- Work to complete: Which lines below fall between the one containing "medium resolution of drunken" and the one containing "kommode compleo iv"? Repeat them exactly, counting both of those lines, and add nothing else.

==== Information shown

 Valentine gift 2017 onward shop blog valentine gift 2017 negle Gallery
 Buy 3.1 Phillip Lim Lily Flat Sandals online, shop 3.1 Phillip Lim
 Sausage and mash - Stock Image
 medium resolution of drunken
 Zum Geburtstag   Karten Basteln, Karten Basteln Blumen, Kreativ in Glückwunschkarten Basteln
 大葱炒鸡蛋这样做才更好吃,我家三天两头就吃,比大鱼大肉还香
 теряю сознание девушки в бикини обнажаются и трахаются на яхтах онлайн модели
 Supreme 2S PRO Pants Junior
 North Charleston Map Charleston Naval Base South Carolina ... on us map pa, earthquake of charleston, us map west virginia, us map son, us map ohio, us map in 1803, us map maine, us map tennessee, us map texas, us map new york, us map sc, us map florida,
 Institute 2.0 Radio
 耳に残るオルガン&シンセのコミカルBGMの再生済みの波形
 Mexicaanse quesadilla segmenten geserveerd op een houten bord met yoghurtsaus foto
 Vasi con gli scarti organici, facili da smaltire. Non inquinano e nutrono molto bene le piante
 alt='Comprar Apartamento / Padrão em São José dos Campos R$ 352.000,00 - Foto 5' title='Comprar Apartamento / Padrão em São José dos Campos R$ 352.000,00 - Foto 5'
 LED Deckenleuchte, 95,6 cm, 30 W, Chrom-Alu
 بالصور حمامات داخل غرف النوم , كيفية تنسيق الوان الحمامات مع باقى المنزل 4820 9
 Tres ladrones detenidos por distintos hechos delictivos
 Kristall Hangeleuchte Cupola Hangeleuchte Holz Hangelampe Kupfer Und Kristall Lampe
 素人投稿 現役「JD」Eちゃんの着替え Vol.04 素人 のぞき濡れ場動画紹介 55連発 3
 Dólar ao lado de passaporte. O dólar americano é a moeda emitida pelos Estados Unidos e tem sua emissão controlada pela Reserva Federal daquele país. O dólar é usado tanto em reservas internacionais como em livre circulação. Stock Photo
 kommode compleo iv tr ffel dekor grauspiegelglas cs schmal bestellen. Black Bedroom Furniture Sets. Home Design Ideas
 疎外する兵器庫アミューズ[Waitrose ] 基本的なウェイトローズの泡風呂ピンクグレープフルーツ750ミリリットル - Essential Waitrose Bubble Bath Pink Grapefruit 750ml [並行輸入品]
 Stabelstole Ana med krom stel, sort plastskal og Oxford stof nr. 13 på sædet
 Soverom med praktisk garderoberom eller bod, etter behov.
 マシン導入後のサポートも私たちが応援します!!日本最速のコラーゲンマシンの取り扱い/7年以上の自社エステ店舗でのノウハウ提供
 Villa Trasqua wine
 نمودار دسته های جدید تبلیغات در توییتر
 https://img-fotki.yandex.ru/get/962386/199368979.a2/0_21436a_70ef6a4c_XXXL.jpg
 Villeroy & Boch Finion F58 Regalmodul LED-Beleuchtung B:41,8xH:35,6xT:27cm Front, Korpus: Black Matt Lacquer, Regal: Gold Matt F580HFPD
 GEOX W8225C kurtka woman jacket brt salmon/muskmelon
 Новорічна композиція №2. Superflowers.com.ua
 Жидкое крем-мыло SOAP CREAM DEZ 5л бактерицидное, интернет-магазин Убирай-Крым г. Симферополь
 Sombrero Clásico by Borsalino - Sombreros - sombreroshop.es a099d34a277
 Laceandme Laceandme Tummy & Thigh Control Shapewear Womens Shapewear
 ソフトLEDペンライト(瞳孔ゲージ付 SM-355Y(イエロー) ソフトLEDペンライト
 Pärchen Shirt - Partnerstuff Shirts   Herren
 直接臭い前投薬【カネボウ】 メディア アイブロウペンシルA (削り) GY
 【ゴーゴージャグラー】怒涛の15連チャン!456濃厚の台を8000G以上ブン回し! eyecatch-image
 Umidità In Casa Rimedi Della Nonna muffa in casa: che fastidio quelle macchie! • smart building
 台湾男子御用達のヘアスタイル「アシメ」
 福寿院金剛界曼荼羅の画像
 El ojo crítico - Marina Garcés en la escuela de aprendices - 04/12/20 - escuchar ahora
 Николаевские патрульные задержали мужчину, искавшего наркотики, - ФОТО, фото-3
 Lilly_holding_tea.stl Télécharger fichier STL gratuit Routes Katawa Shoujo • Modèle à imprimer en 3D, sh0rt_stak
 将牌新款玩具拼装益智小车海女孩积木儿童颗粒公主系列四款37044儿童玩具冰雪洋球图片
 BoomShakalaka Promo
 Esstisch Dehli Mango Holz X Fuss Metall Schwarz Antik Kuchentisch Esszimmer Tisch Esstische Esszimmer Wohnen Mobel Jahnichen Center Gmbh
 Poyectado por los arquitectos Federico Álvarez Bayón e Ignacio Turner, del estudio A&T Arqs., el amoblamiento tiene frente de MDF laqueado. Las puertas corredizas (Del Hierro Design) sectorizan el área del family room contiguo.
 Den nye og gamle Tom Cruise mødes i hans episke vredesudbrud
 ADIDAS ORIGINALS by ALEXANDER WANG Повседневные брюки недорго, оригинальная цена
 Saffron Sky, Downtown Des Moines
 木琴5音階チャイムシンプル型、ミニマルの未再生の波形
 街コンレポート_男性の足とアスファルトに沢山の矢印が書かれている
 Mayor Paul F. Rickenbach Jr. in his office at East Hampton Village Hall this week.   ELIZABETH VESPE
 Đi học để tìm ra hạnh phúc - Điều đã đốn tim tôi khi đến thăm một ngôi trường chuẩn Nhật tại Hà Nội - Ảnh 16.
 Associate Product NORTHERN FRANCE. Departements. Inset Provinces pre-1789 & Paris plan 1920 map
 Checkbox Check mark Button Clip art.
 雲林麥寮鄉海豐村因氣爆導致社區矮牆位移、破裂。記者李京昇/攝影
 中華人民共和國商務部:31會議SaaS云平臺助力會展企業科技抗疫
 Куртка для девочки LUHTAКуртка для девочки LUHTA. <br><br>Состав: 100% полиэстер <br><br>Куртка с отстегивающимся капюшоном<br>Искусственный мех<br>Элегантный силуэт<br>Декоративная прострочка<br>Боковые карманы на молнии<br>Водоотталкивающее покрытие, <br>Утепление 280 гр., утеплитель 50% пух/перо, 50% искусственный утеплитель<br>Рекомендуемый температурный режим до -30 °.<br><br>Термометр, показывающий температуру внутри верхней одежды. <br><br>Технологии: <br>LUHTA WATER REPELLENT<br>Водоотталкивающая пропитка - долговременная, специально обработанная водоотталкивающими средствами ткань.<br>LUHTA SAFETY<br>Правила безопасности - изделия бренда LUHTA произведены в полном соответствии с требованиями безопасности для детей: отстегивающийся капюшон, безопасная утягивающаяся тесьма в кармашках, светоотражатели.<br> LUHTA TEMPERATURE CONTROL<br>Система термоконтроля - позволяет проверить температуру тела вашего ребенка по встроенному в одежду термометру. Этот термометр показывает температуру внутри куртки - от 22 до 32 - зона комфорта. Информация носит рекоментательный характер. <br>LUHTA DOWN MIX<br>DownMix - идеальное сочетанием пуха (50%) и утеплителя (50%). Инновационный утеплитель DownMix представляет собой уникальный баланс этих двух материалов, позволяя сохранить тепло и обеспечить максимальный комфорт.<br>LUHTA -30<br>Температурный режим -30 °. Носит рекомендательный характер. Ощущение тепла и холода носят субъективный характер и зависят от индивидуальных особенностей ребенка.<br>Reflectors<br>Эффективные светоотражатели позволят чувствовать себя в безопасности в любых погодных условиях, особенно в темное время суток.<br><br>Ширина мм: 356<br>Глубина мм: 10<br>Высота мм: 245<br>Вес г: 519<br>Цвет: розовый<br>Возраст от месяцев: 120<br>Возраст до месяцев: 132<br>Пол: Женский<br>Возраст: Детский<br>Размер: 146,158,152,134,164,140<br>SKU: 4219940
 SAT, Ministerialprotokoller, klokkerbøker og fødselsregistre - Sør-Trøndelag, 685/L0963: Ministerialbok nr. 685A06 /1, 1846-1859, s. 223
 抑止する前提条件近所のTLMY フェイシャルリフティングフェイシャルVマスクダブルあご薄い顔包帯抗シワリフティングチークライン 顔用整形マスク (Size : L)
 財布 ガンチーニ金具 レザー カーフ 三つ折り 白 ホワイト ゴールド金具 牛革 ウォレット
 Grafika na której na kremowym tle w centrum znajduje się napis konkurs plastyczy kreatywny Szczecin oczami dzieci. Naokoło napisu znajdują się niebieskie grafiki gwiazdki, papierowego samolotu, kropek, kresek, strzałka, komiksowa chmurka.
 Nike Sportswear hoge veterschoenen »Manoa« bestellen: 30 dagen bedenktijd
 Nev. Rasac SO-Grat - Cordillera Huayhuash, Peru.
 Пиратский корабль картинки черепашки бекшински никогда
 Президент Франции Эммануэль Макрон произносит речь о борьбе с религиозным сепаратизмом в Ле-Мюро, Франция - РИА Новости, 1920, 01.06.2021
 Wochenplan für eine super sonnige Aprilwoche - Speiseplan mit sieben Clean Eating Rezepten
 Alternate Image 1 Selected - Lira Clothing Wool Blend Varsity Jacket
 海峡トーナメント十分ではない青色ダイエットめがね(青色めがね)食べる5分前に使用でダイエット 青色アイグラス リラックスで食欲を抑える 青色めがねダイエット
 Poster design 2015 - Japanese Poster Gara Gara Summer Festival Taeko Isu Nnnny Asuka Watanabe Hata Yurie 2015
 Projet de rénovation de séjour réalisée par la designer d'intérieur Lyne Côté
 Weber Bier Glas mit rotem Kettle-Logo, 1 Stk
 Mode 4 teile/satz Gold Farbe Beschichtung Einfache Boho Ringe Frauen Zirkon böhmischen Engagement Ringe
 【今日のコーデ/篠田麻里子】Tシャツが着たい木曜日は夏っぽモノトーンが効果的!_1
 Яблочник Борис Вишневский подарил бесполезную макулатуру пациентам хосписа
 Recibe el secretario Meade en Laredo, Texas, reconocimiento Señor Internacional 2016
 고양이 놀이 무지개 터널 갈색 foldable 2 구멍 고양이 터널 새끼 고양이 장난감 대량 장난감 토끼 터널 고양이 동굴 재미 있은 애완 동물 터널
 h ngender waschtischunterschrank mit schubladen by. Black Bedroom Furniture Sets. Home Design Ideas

========

- Result of this exercise:
 medium resolution of drunken
 Zum Geburtstag   Karten Basteln, Karten Basteln Blumen, Kreativ in Glückwunschkarten Basteln
 大葱炒鸡蛋这样做才更好吃,我家三天两头就吃,比大鱼大肉还香
 теряю сознание девушки в бикини обнажаются и трахаются на яхтах онлайн модели
 Supreme 2S PRO Pants Junior
 North Charleston Map Charleston Naval Base South Carolina ... on us map pa, earthquake of charleston, us map west virginia, us map son, us map ohio, us map in 1803, us map maine, us map tennessee, us map texas, us map new york, us map sc, us map florida,
 Institute 2.0 Radio
 耳に残るオルガン&シンセのコミカルBGMの再生済みの波形
 Mexicaanse quesadilla segmenten geserveerd op een houten bord met yoghurtsaus foto
 Vasi con gli scarti organici, facili da smaltire. Non inquinano e nutrono molto bene le piante
 alt='Comprar Apartamento / Padrão em São José dos Campos R$ 352.000,00 - Foto 5' title='Comprar Apartamento / Padrão em São José dos Campos R$ 352.000,00 - Foto 5'
 LED Deckenleuchte, 95,6 cm, 30 W, Chrom-Alu
 بالصور حمامات داخل غرف النوم , كيفية تنسيق الوان الحمامات مع باقى المنزل 4820 9
 Tres ladrones detenidos por distintos hechos delictivos
 Kristall Hangeleuchte Cupola Hangeleuchte Holz Hangelampe Kupfer Und Kristall Lampe
 素人投稿 現役「JD」Eちゃんの着替え Vol.04 素人 のぞき濡れ場動画紹介 55連発 3
 Dólar ao lado de passaporte. O dólar americano é a moeda emitida pelos Estados Unidos e tem sua emissão controlada pela Reserva Federal daquele país. O dólar é usado tanto em reservas internacionais como em livre circulação. Stock Photo
 kommode compleo iv tr ffel dekor grauspiegelglas cs schmal bestellen. Black Bedroom Furniture Sets. Home Design Ideas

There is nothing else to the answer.